Другими словами, вопрос здесь был не в  живописном даровании того или иного художника, а скорее в его личной способности объективного восприятия реалий не только художественной, но и современной ему политической и  общественной жизни России.

В противовес чрезвычайно популярной среди своих современников, салонной портретной живописи, создавались произведения  «русского крестьянского жанра». Уже с 1960-х годов XIX века в русской культуре и искусстве начинается так называемый «разночинский период»[16], связанный с появлением в обществе новых людей – разночинцев-демократов. Это был новый тип нигилистов, отрицавших весь существующий уклад русской жизни, придерживавшихся материалистических взглядов и увлекавшихся  естественными науками, в которых им виделось четкое и ясное объяснение всех жизненных явлений. В русской литературе наиболее полно данный типаж отразился в произведениях  И. С. Тургенева. Именно таков главный герой романа “Отцы и дети” – Евгений Базаров. Другими словами, «героем своего времени», сначала, в литературе, а затем и в изобразительном искусстве стал разночинец, убежденный противник дворянско-крепостнического строя, материалист, прошедший школу труда и лишений, самостоятельно мыслящий и независимый.

Сама по себе тенденция изображать жизнь третьего сословия «без всяких утаек и прикрас», вера в способность искусства изменить эти неприемлемые условия существования в дальнейшем переросла в отдельное направление, где документальность лишь отчасти соединялась с художественным вымыслом. Эстетический аспект изобразительного искусства здесь отошел во многом на задний план. В отличие от яркой и поверхностно-многоцветной салонной живописи, произведения критических реалистов характеризовались  скорее тональной разработкой, преобладанием приглушенных тонов и рассеянного света. Поиски типажей шли параллельно со стремлением передать индивидуальный характер и чувства человека, несущего в себе «драму сердца», детали же костюмов и внешняя обстановка менее всего интересовали художников.

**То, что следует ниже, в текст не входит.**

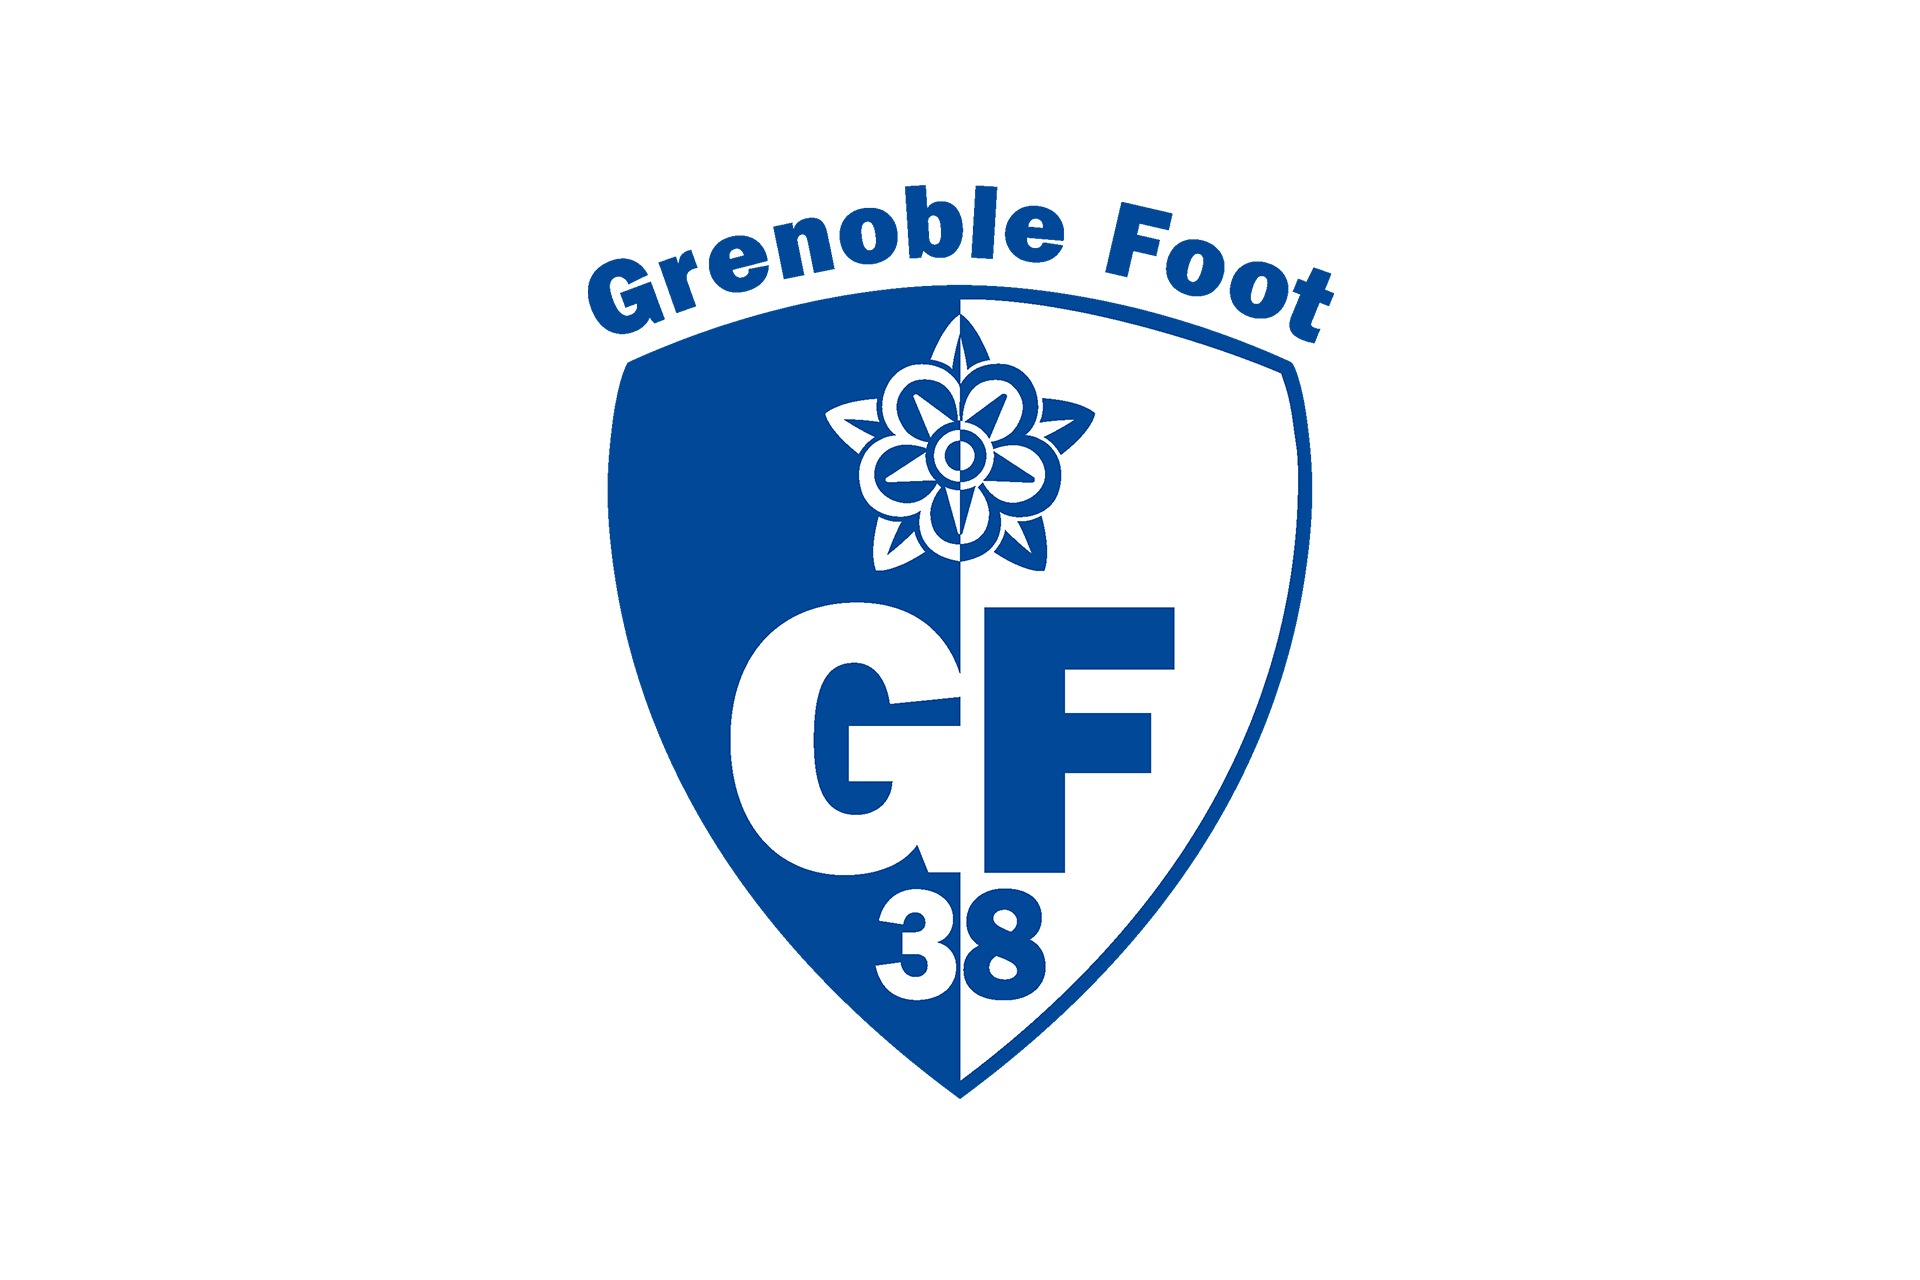 Chamrousse logo partner Grenoble city foot club GF38 mountain resort grenoble isere french alps france - © GF38

Одно из главных мест занял особый вид портрета — портрет-тип, сложившийся также еще к середине XIX века, где человек, изображаемый во всей своей психологической сложности, оценивался еще и по его роли в обществе, воссоздавался в неразрывном сочетании его индивидуальных и типических черт. Понимание «типического» строилось здесь на  материалистических позициях. Путь к созданию «типического» шел  не от абстрагирования и ухода от действительности, а от обобщения конкретных и наиболее существенных фактов и явлений общественной жизни. Пожалуй, это и было наиболее существенное отличие живописи в духе критического реализма от современных им образчиков салонно-академического искусства. Последнее, как известно, следовало в создании типических образов канонам некого весьма на тот момент отвлеченного эстетического идеала, почти не менявшегося с эпохи расцвета русского классицизма. Это, разумеется, не означало, что критические реалисты порвали с академической школой, в связи с тем, что ее тематика была чужда «идеям народности». Для реализации народных тем, они продолжали опираться на академическую традицию. Большинство мастеров «крестьянского жанра» в своей работе над картинами оставались верными академическим навыкам.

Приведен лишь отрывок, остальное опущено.